Her arrest showed that despite Duterte’s bloody anti-drug crackdown, international drug syndicates continued to use the country as a major transshipment center in Asia, apparently with help from crooked elements at NAIA.

But she appeared to be the last Filipino drug carrier to have passed through NAIA security unchallenged. Duterte’s bloody crackdown has apparently whipped airport security personnel into line.

However, two foreigners carrying drugs still managed to pa ss through NAIA just months after Cruz’s arrest. They were a Venezuelan woman and a Bolivian man who took circuitous routes to Hong Kong via various cities, with NAIA as the last stopover.

 The lawyers for Shirley Chua, Remelyn Roque and Ana Louella Creus secured the letter from PDEA through the Consulate, which in turn coursed the request through the Department of Foreign Affairs in Manila.

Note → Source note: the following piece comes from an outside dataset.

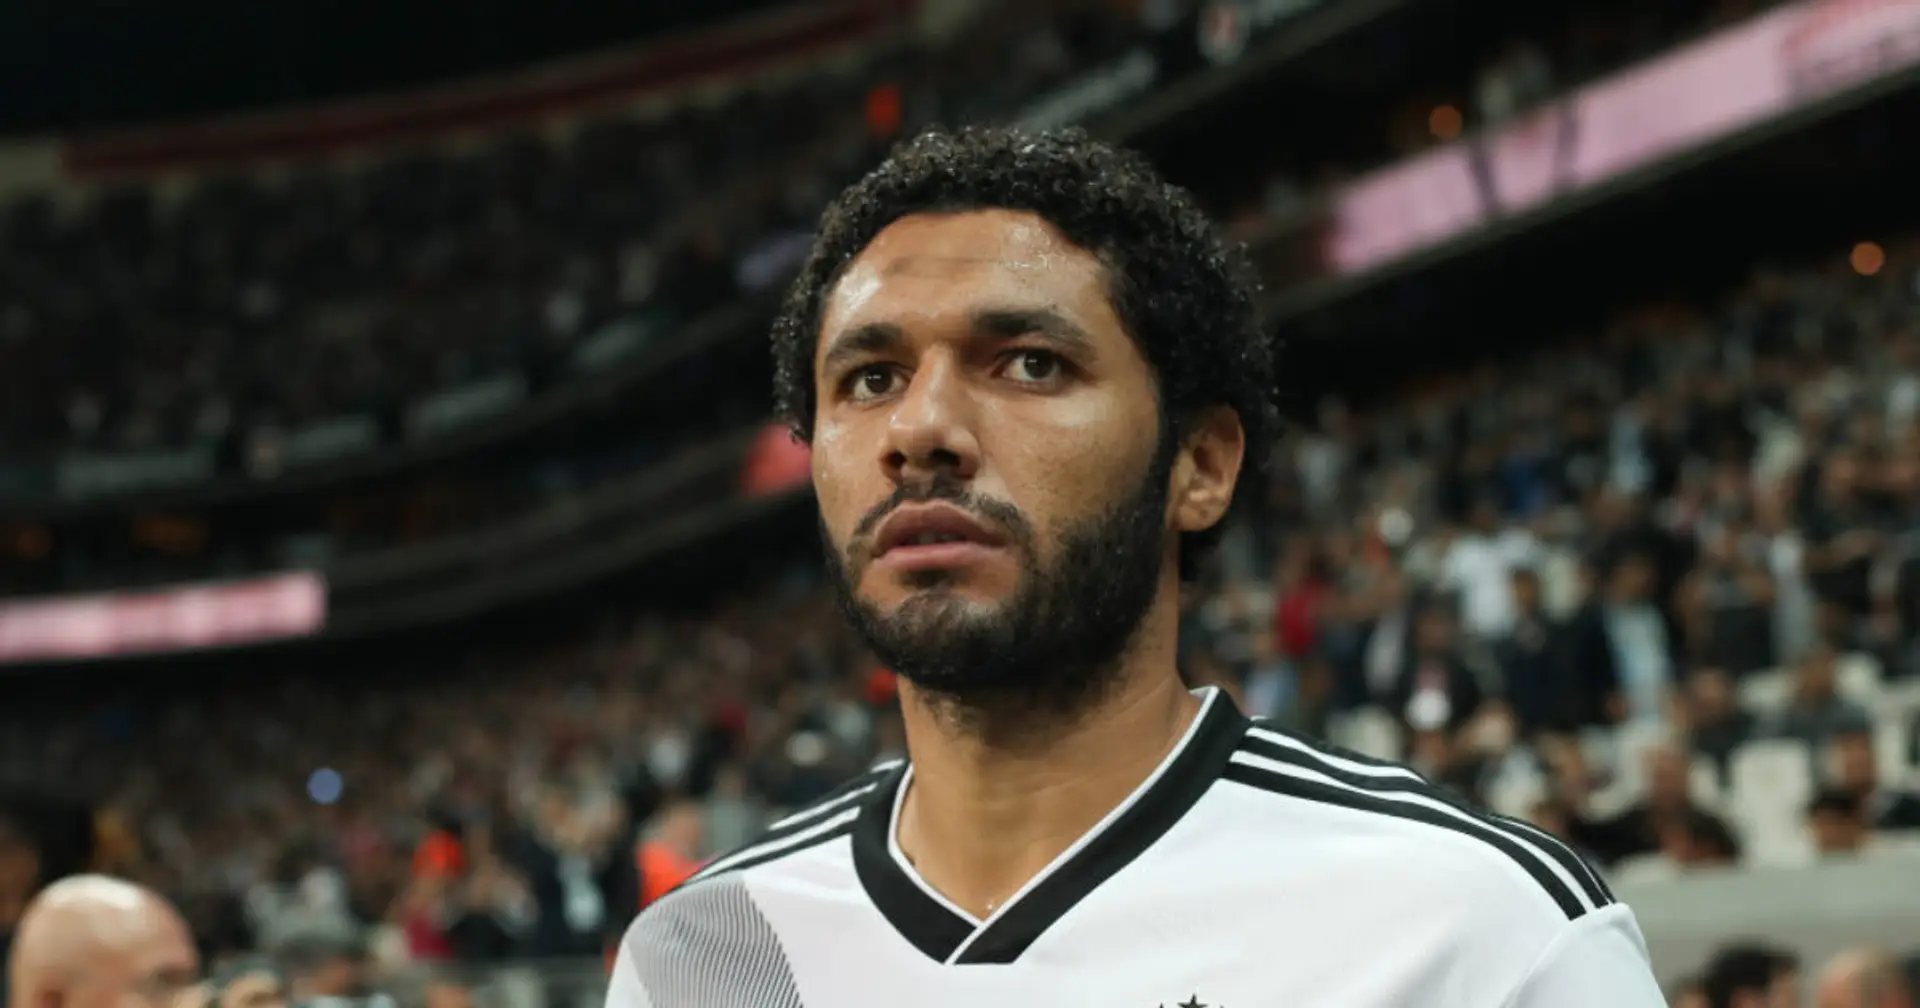 Mohamed Elneny reportedly in talks with Trabzonspor over loan move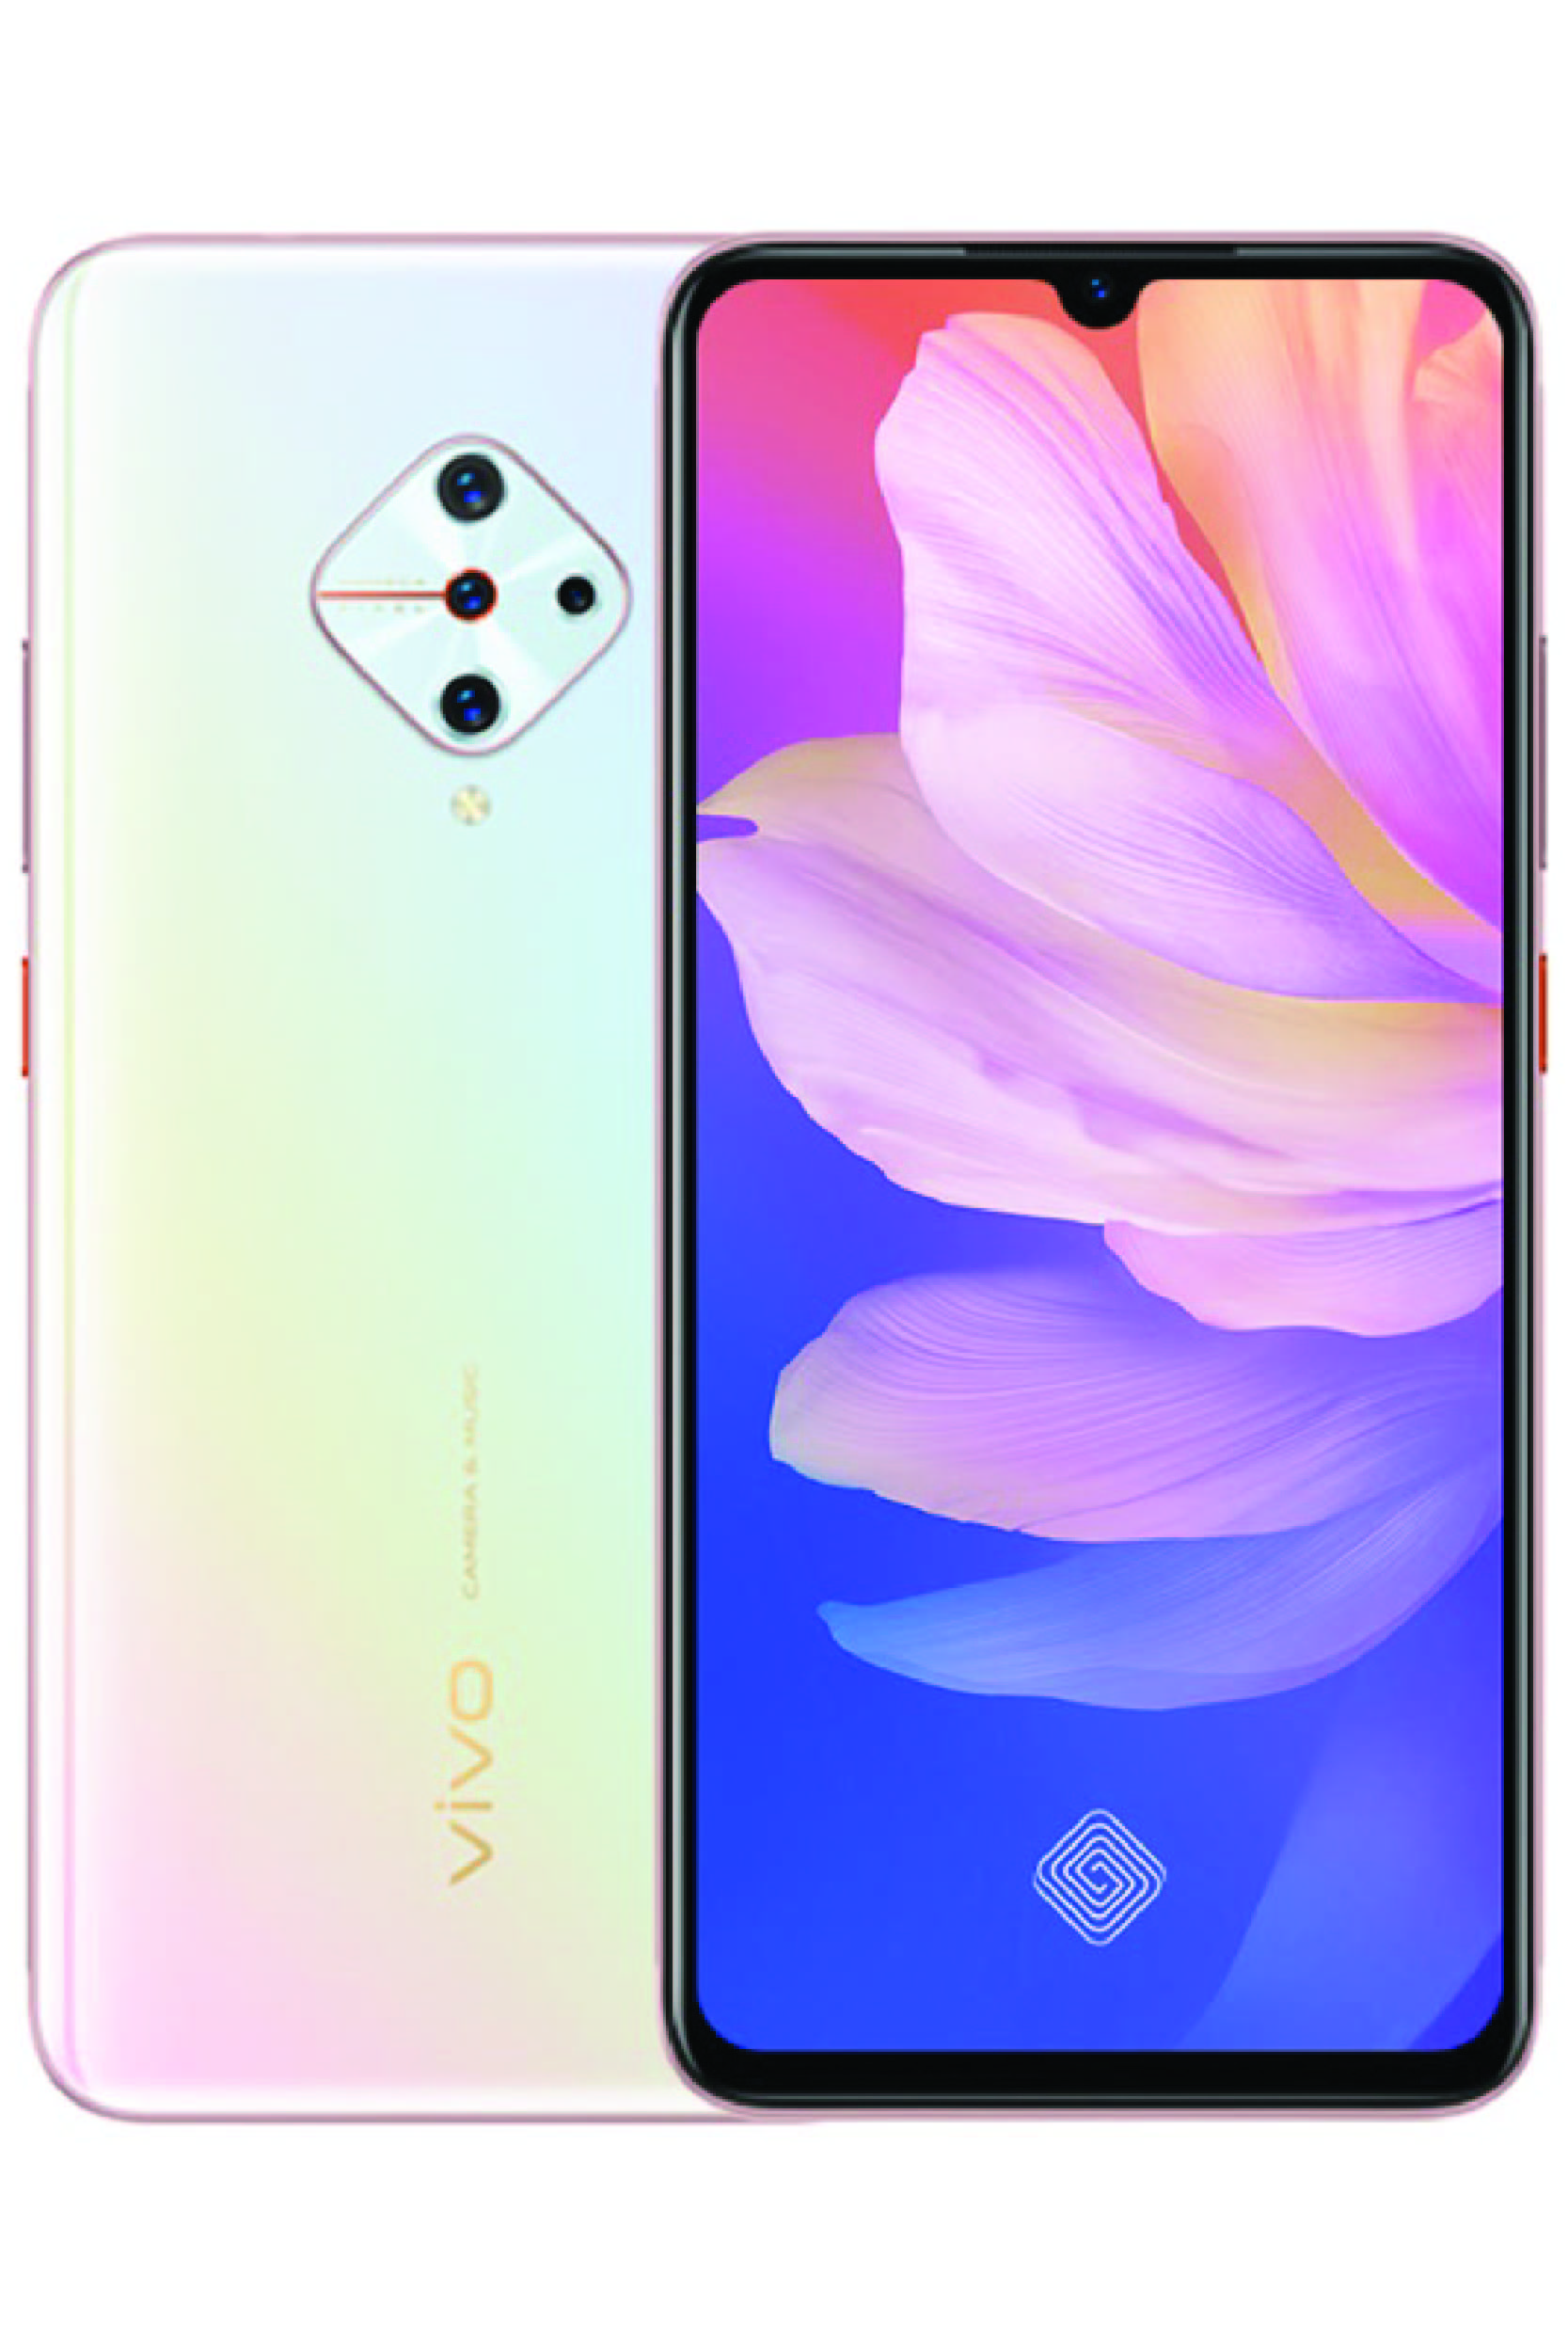 Vivo S1 Pro Price In Pakistan And Specs All You Should Know

In the PDEA letter, it was also said that information given by the three drug mules to ATN had led to the arrest of Nora Noora, the alleged mastermind of the fateful trip on Sept 25, 2015 that landed them in a Hong Kong jail.  A fourth defendant – Maricel Thomas – was acquitted at the end of the trial last Nov 14.

The lawyers told High Court Judge Aubrey Campbell-Moffat the information also led to the capture of Ugandan national Rufus Katumba, the alleged kingpin of the Nigerian drug syndicate in the Philippines, and his Filipino wife Marlyn Ramos in October 2015.

“Basically, we are appreciative of the fact that, through the information given by the three Filipinas, somehow naipadala natin sa Manila and the DFA coordinated with the PDEA, which led to the arrest of Katumba, na apparently ay Nigerian drug trafficking syndicate member or leader,” Consul Paulo Saret told The SUN when asked for a comment.

“Because of the information, I think binigyan naman ng credit ang three ladies dahil sa apprehension ni Katumba. Kasi narinig ko ang sinabi ng judge, ‘They led the authorities to Noora, it was Noora who led the authorities to Katumba’,” the consul said. 

Saret said it appears that the tip-off from Chua, Roque and Creus gave the Philippine authorities the initial impetus to arrest Katumba.

The arrests of Chua, Thomas, Roque and Creus brought to seven the number of Filipinas nabbed at HKIA in 2015 for drug trafficking. This was the biggest annual total recorded for Filipinos in data compiled by the Customs & Excise Department from January 2010 to November 2016.

On Feb 2, 2015, pregnant tourist Catherine Bustillo was arrested when 1.8 kilos of cocaine was found in secret compartments of her hand-carried baggage. She pleaded guilty to trafficking on Sept 25, 2015 and was sentenced on Dec 22 to a “lenient” 14 years and eight months in jail by High Court Justice Kevin Zervos.

Another Filipina tourist, Ma. Cristina D. Dia, was charged with drug trafficking for bringing into Hong Kong 1.3 kilos of suspected cocaine worth about $1.3 million on Sept. 5, 2015.

On July 15 of the same year, Susan Cumpio was intercepted while trying to bring in nearly 2 kilos of cocaine from Brazil. The Filipina had admitted bringing the drugs into Hong Kong as part of a deal to gain liberty from her Nigerian common-law husband in Sao Paulo. She was sentenced to 17 years in jail in May last year after pleading guilty to drug trafficking.

Cruz, the last of the Filipina drug mules to Hong Kong, was sentenced by a High Court judge to 12 years and three months in jail after she pleaded guilty on Apr 8.